I saw the first movie when I was, oh, probably around six or so. Naturally, the fact that Star Wars is essentially a kids' film didn't bother me--I was a kid myself. And though I've since seen the film often enough to have memorized the entire script, there's still a bit of the wonder and excitement of having seen it that first time, even though that was so long ago that I barely remember it now. For Empire Strikes Back and Return of the Jedi, I was still a kid. And so were most of Star Wars' most hardcore fans (though not all, mind you).
Well, it's been over two decades since then, and we're more or less grown up now. It's doubtful that we'll look at Star Wars: The Phantom Menace with quite the same affection that we view the original trilogy, plot holes and cardboard characterizations and visible matte lines and all, no matter how good the new installment is. We'll be seeing the movie through the eyes of adults, and that makes all the difference.
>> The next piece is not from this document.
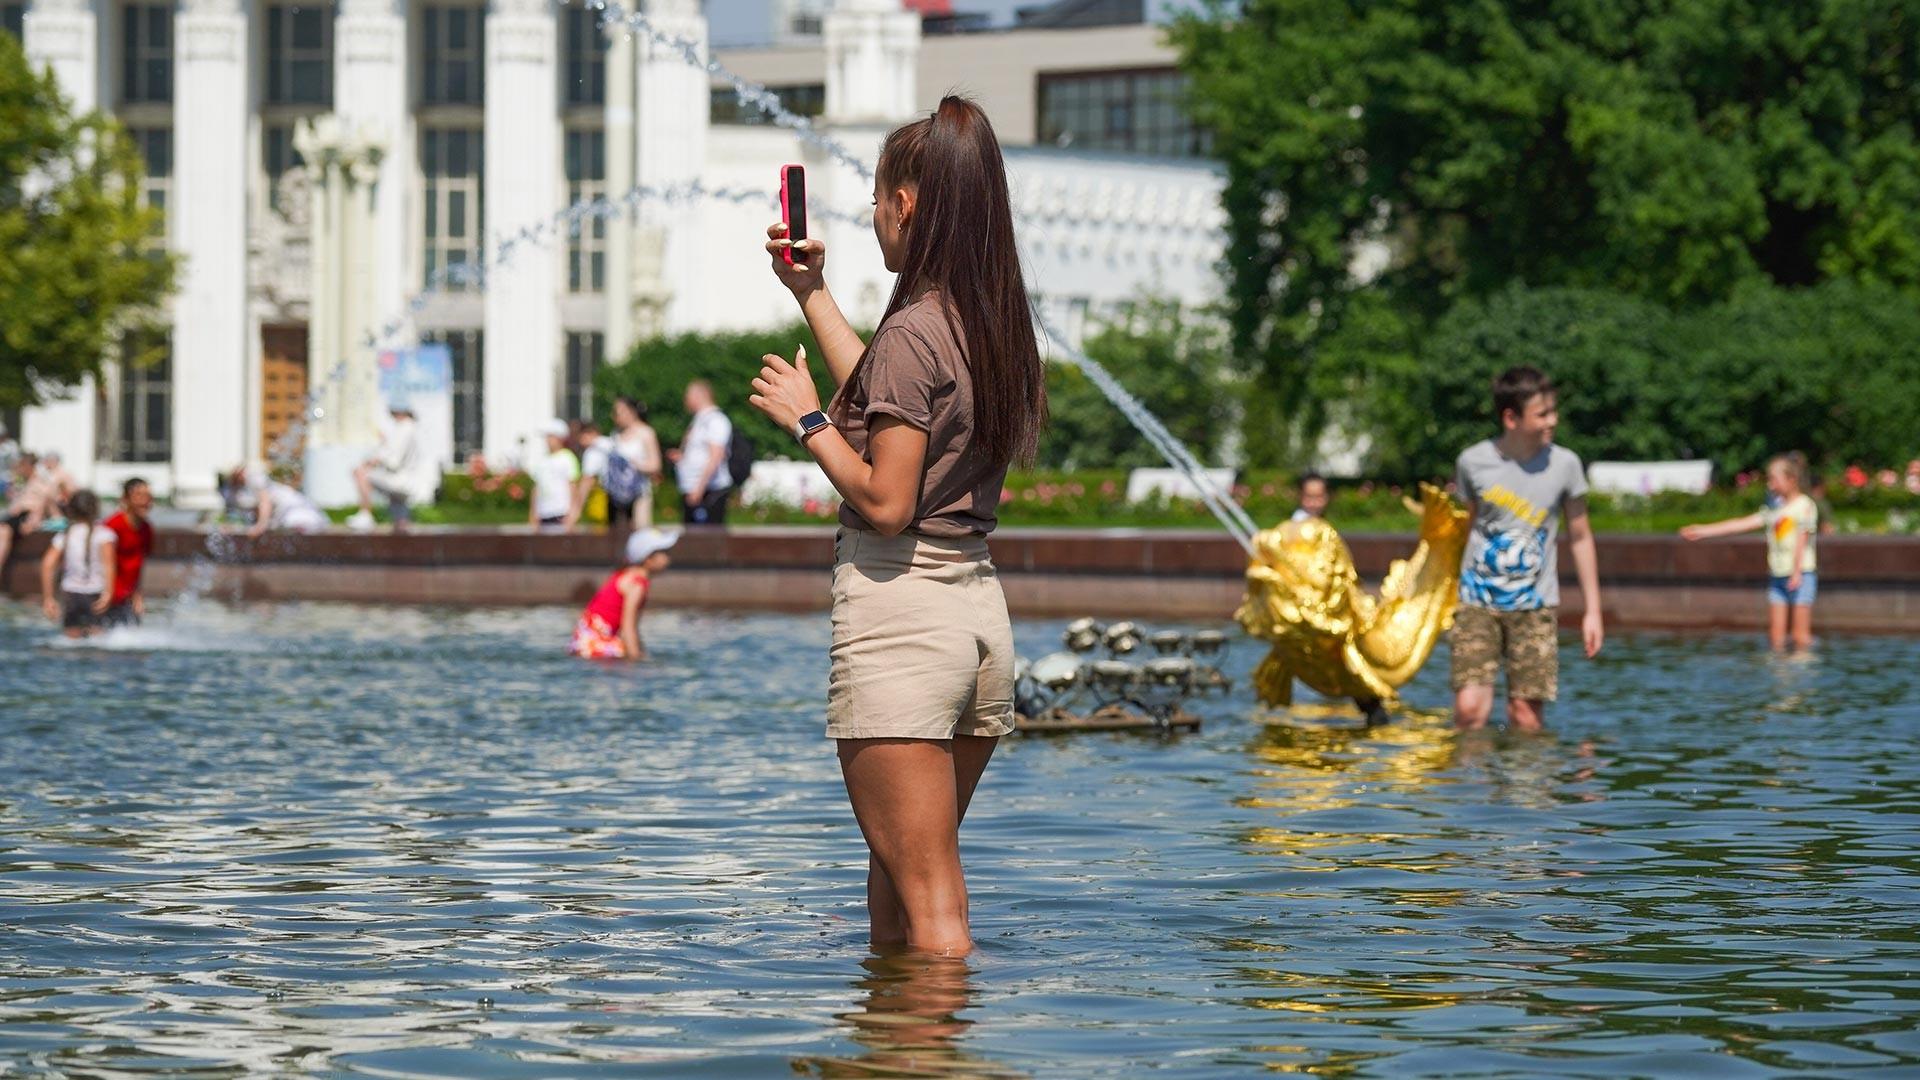 Nel parco VDNKh di Mosca, 22 giugno 2021
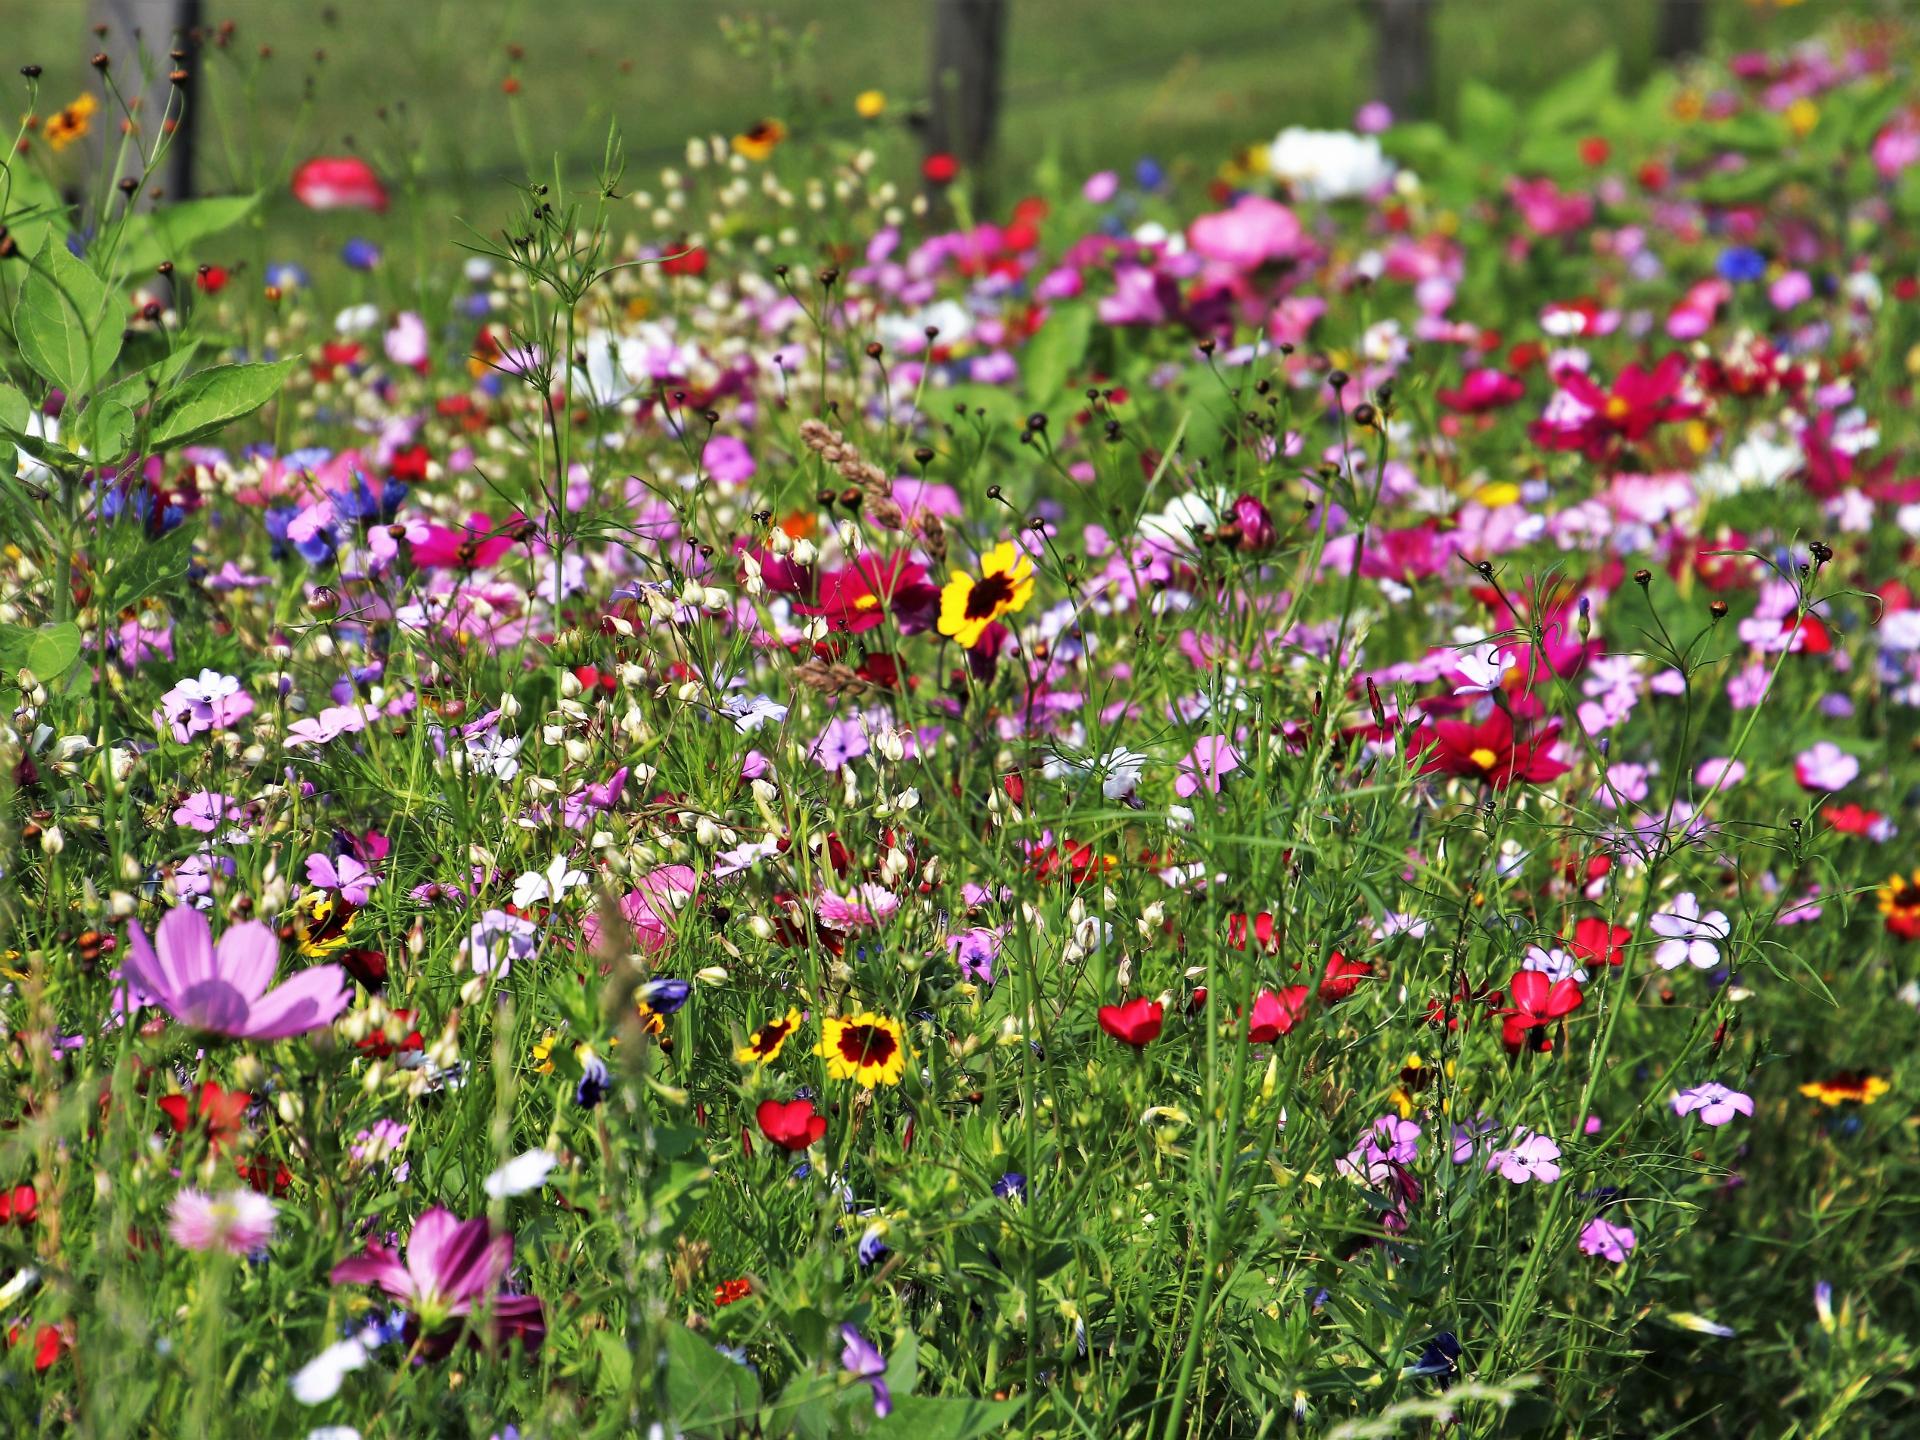 Artenreiche Wildblumenwiesen werden immer mehr zur Seltenheit. - Photocredit: pixabay.com/pasja1000

That's why I think that, no matter how good The Phantom Menace is, in some way it isn't going to live up to expectations. Having seen the trailers, it's pretty clear to me that this movie's gonna have everything that made the original trilogy great: fast-paced action, dazzling special effects, a archetypal take on good and evil, and a sense of epic sweep that has always made the Star Wars universe bigger and brighter than our own. The difference lies not in the movie, but in ourselves, our older, more practical, more cynical selves.
What's the answer, then? Not to see it at all? No way--we've waited years for this event, and I doubt that any of us could stay away if we tried. Whether we expect to be as charmed as we were when we were three or six or ten or whatever, or if we acknowledge that we are, for better or for worse, (mostly) adults, we'll be waiting in line to see the most anticipated movie in history.
But speaking as someone who criticizes for a living, I suggest that we don't go in as critics. Star Wars isn't just for kids: it's for the kid in each of us, the one that watches the original trilogy over and over, the one that slammed George Lucas for having Greedo shoot first in the A New Hope Special Edition, the one that (perhaps somewhat shamefacedly) admits to dressing up as a character every Halloween or to still owning all the original action figure toys--and taking them out periodically to play with. Just for awhile, let's all be kids again, and ignore the imperfections that we never noticed as children, so caught up in the magic of the thing were we. (Another characteristic of long-time fans is that we occasionally wax poetic Yoda-style.)
Everyone's a critic, but for awhile, let's not be. We're all gonna see this movie a million times anyway; save the nitpicking for the dozenth viewing, and enjoy the first eleven, just for the fun of it.